Когда слухи о «пропащей» Аньке достигли родительских ушей у них наступил шок. Аня не отпиралась даже, просто буднично сказала, что учиться больше не желает, а как она будет жить — ее дело. Юля рыдала, заламывая руки. Дима хватался за сердце.
А потом она пропала из дома. Милиция нашла ее аж под Екатеринбургом, за тысячи верст. Девочку вернули грязную, со вшами, угрюмо молчавшую и… совершенно чужую.
Дима настаивал, что нужно отказаться от ребенка, Юлька не могла: не котенок же, не игрушка.
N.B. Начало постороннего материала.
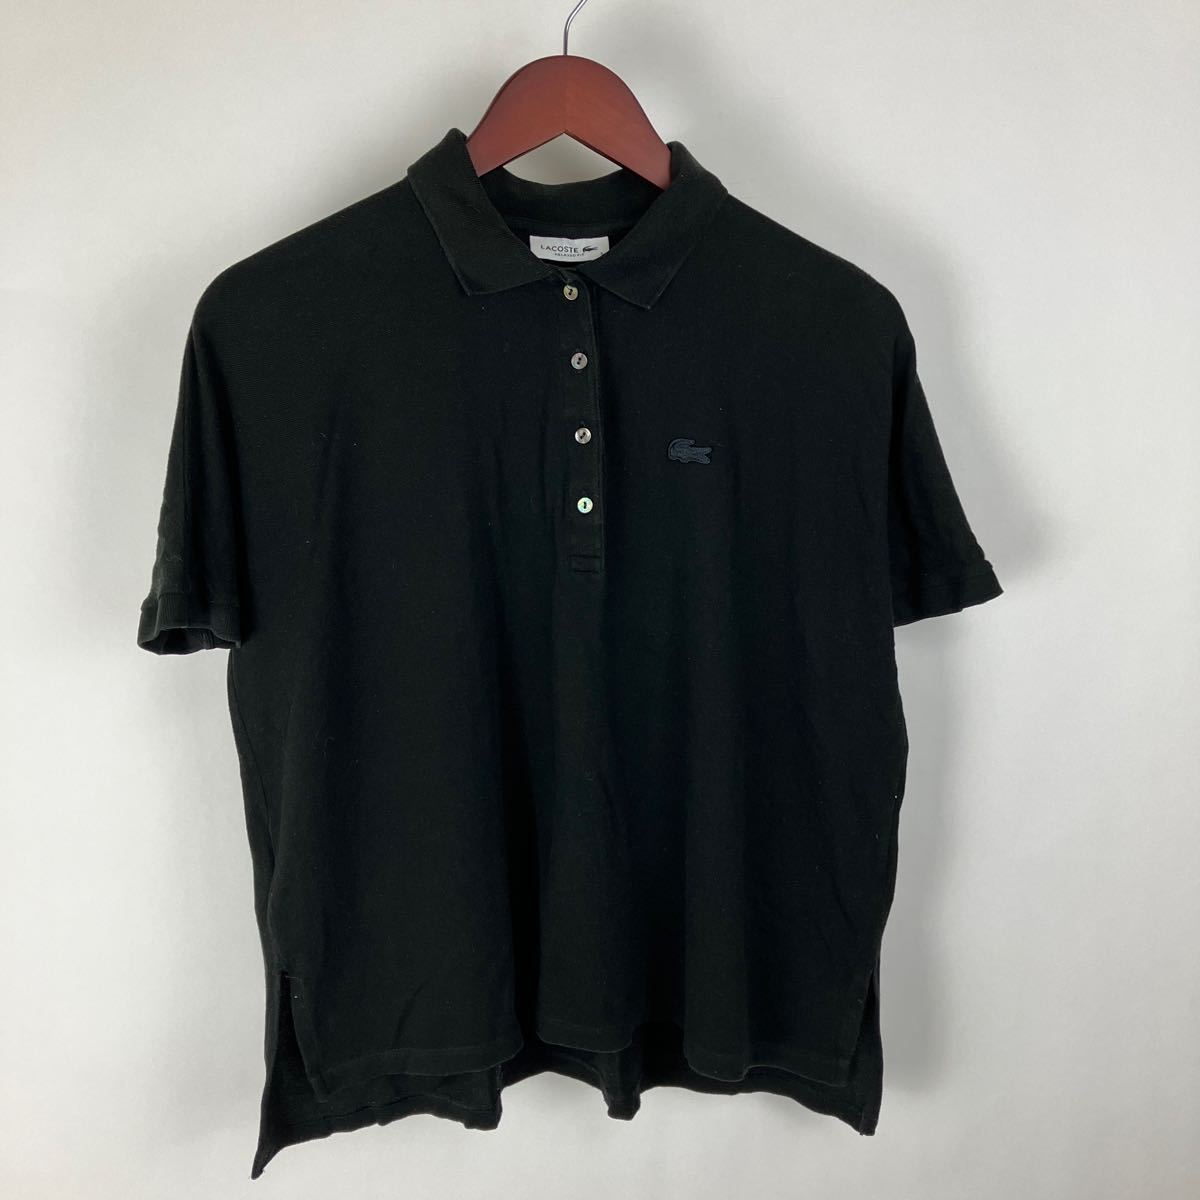 LACOSTE ラコステ 半袖 シャツ ポロシャツ レディース Sサイズ ブラック カジュアル スポーツ トレーニング golf ゴルフ ウェア FA161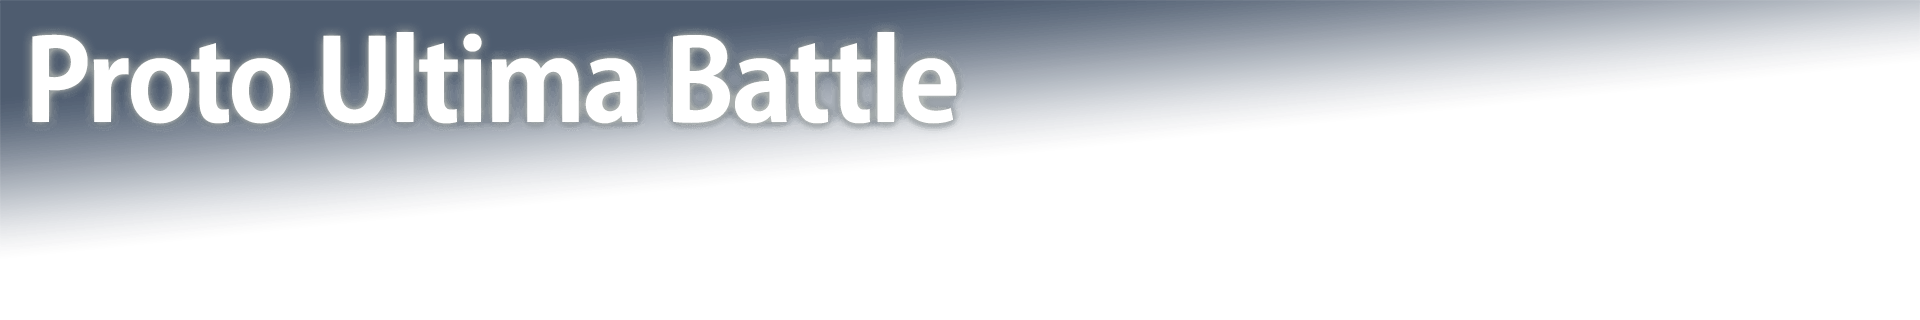 Proto Ultima Battle

Дима молча собрал чемоданы, без расчета на работе, без объяснений. Он уехал к родителям в Санкт-Петербург.
Юля сидела отупевшая, вся такая спокойная жизнь, такая крепкая семья разбилась на тысячу осколков. А Аня опять пропала. Снова возвращение, постановка на учет в детскую комнату милиции, задушевные разговоры, беседы с психологом — не дали ничего.
Она уходила снова и снова, словно повинуясь какому-то внутреннему зову. Зову крови, зову плоти. Словно, дремавшие много лет, гены матери внезапно проснулись и пустили под откос ее жизнь и жизнь ее новой семьи.
Юля перестала искать дочь, когда той исполнилось 16 лет. Просто получила письмо из православного приюта, что в Сергиевом Посаде о том, что Аня живет у них. Смирилась. Сил бороться уже не было…
Аня домой не писала, ни единого слова, ни одного звонка, словно вычеркнула из памяти годы жизни в семье.
Письмо пришло только через пять лет. Незнакомый почерк, ровные спокойные строки о том, что послушница такой-то обители Анна отошла к Господу по причине болезни. Письмо еще сообщало, что в приюте при монастыре остался жить сын Анны, пятилетний Егорка.
Строки плыли перед глазами, слезы катились сами собой, все вспоминалась трехлетняя девочка с смешными тощими косичками и круглыми зелеными глазами.
На следующий день Юля уезжала в Сергиев Посад. За внуком. За Егоркой.